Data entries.

════

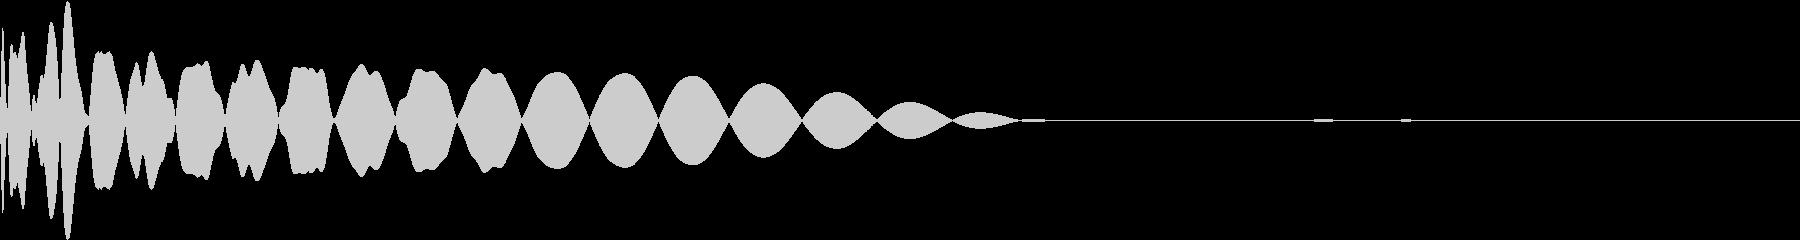 DTM Kick 35 オリジナル音源の未再生の波形
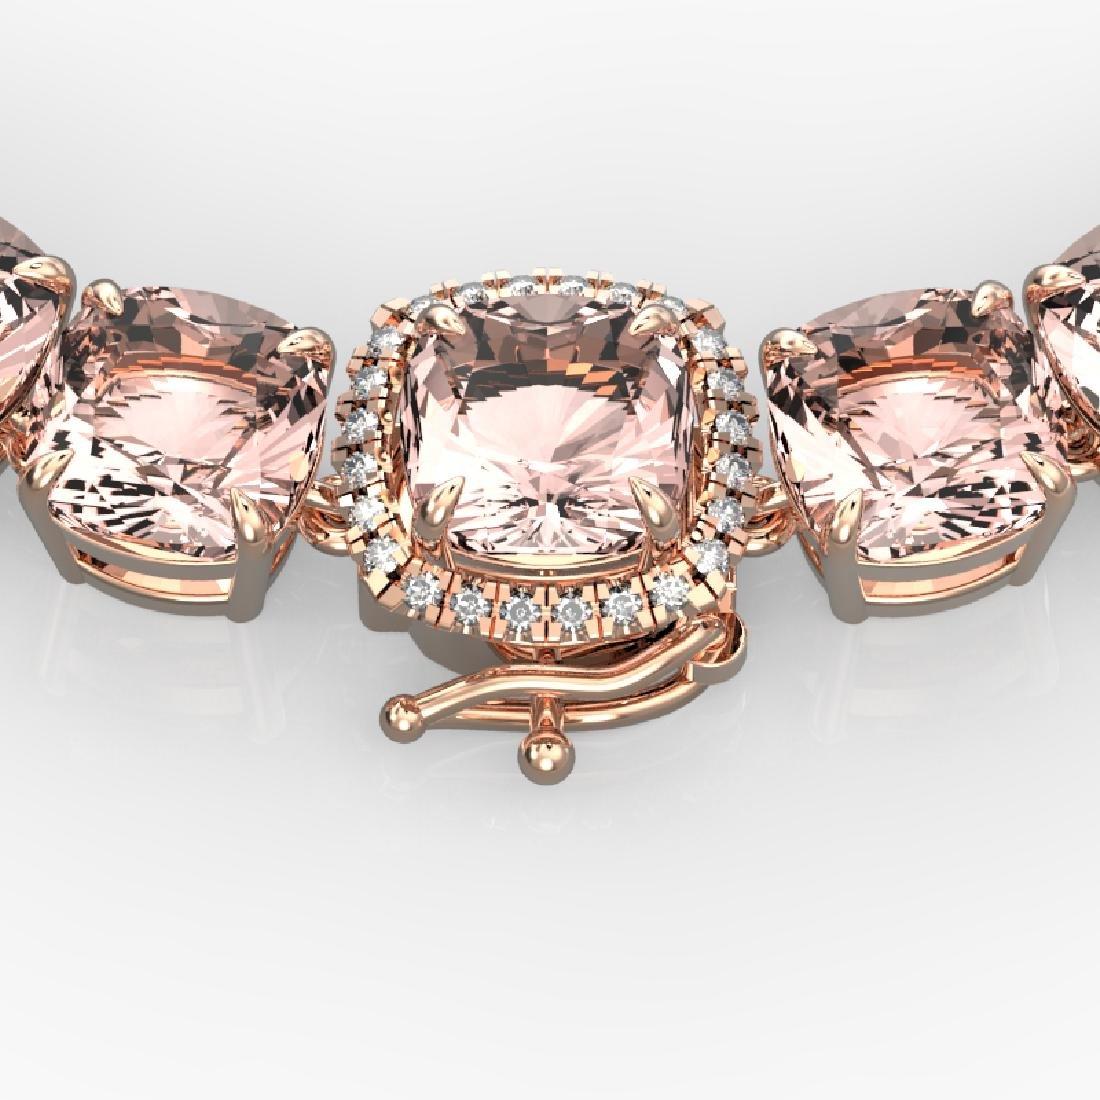 87 CTW Morganite & VS/SI Diamond Pave Necklace 14K Rose
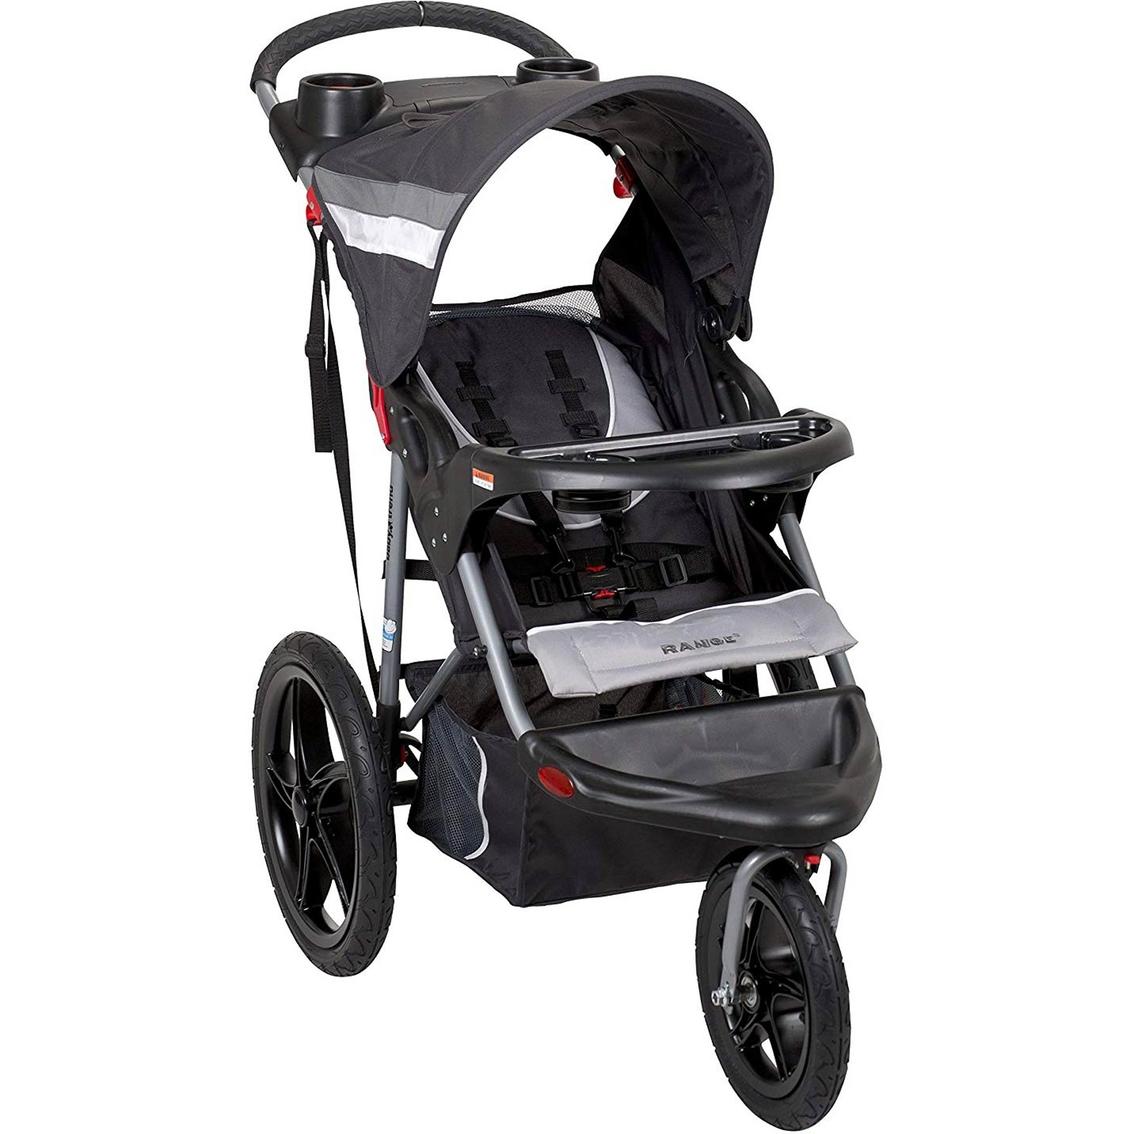 Baby Trend Liberty Range Jogging Stroller | Jogging | Baby ...
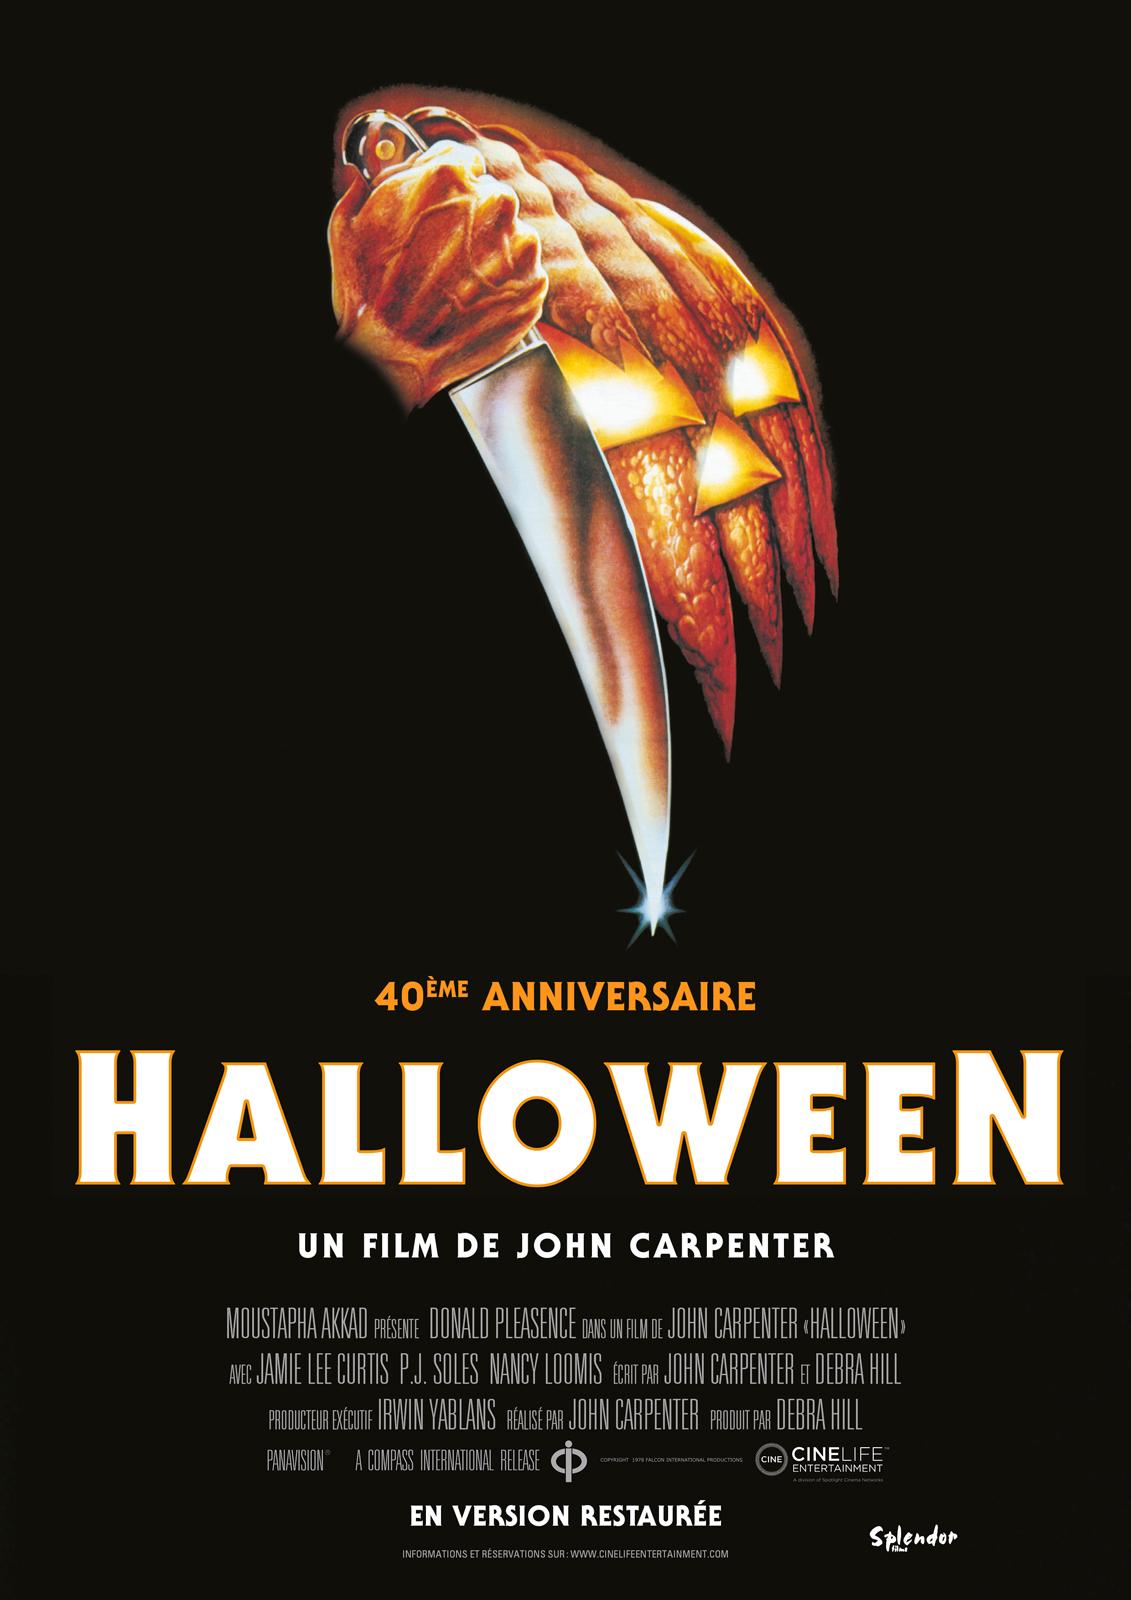 Halloween 9 Bande Annonce.Achat Halloween La Nuit Des Masques En Blu Ray Allocine
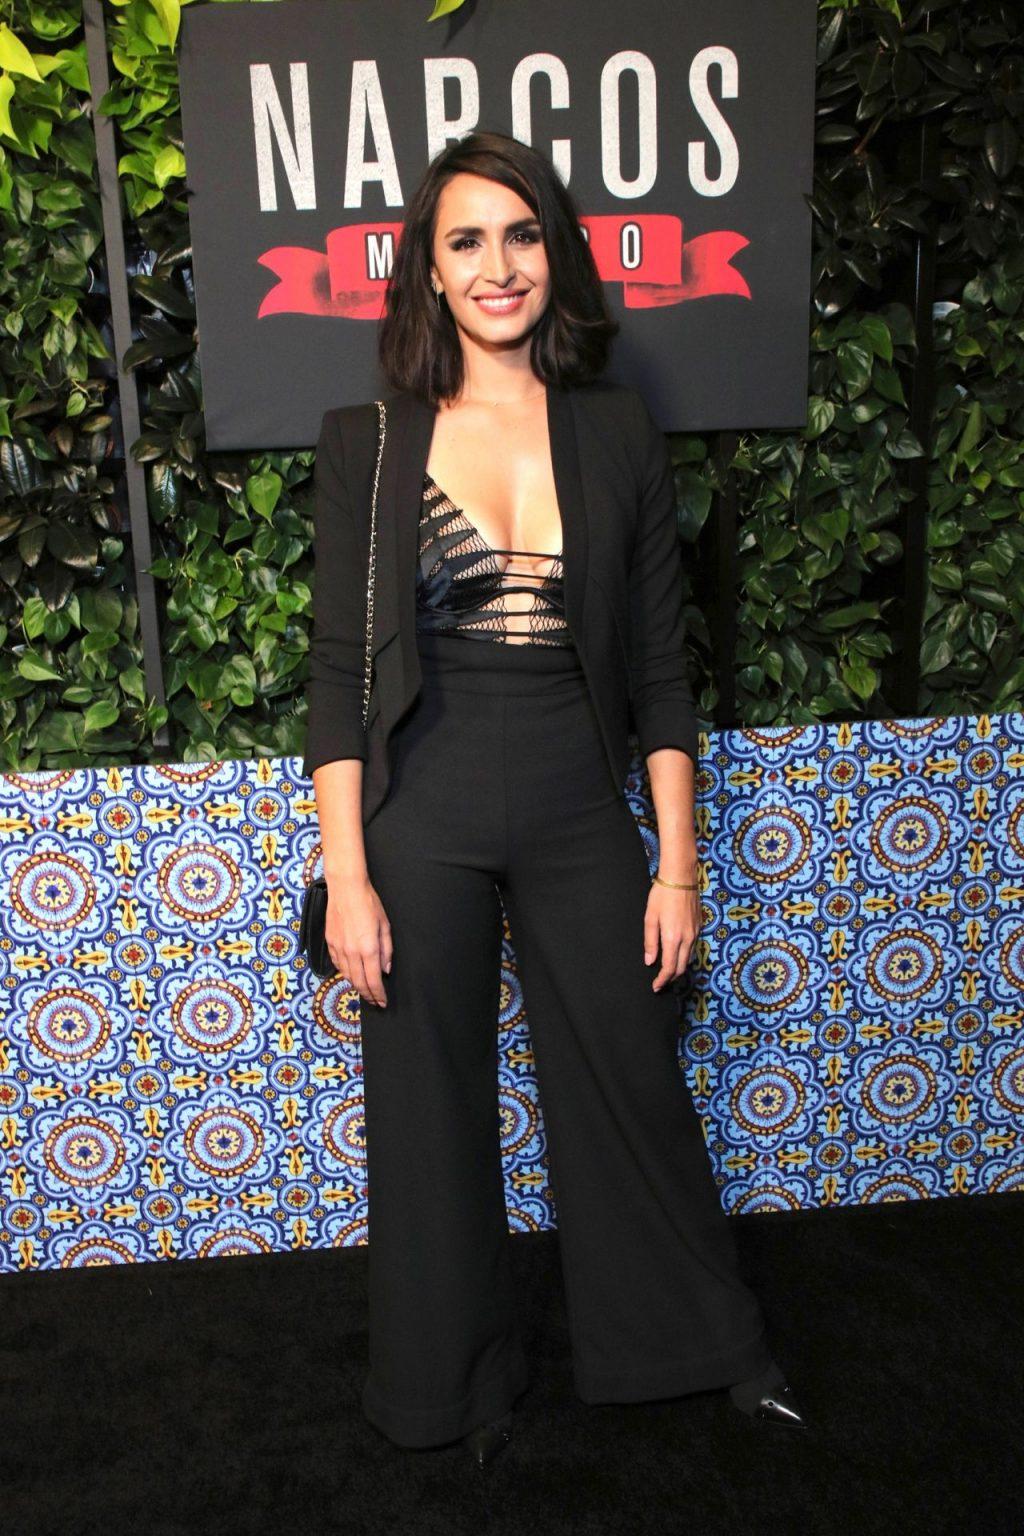 Fernanda Urrejola's Tits at the Narcos Season 2 Premiere (46 Photos)

════

YOUR OBJECTIVE.
Word for word, repeat the lines of data above, omitting every picture.

REPLY.
 DTM Kick 35 オリジナル音源の未再生の波形
 87 CTW Morganite & VS/SI Diamond Pave Necklace 14K Rose
 Baby Trend Liberty Range Jogging Stroller | Jogging | Baby ...
 Halloween 9 Bande Annonce.Achat Halloween La Nuit Des Masques En Blu Ray Allocine
 Fernanda Urrejola's Tits at the Narcos Season 2 Premiere (46 Photos)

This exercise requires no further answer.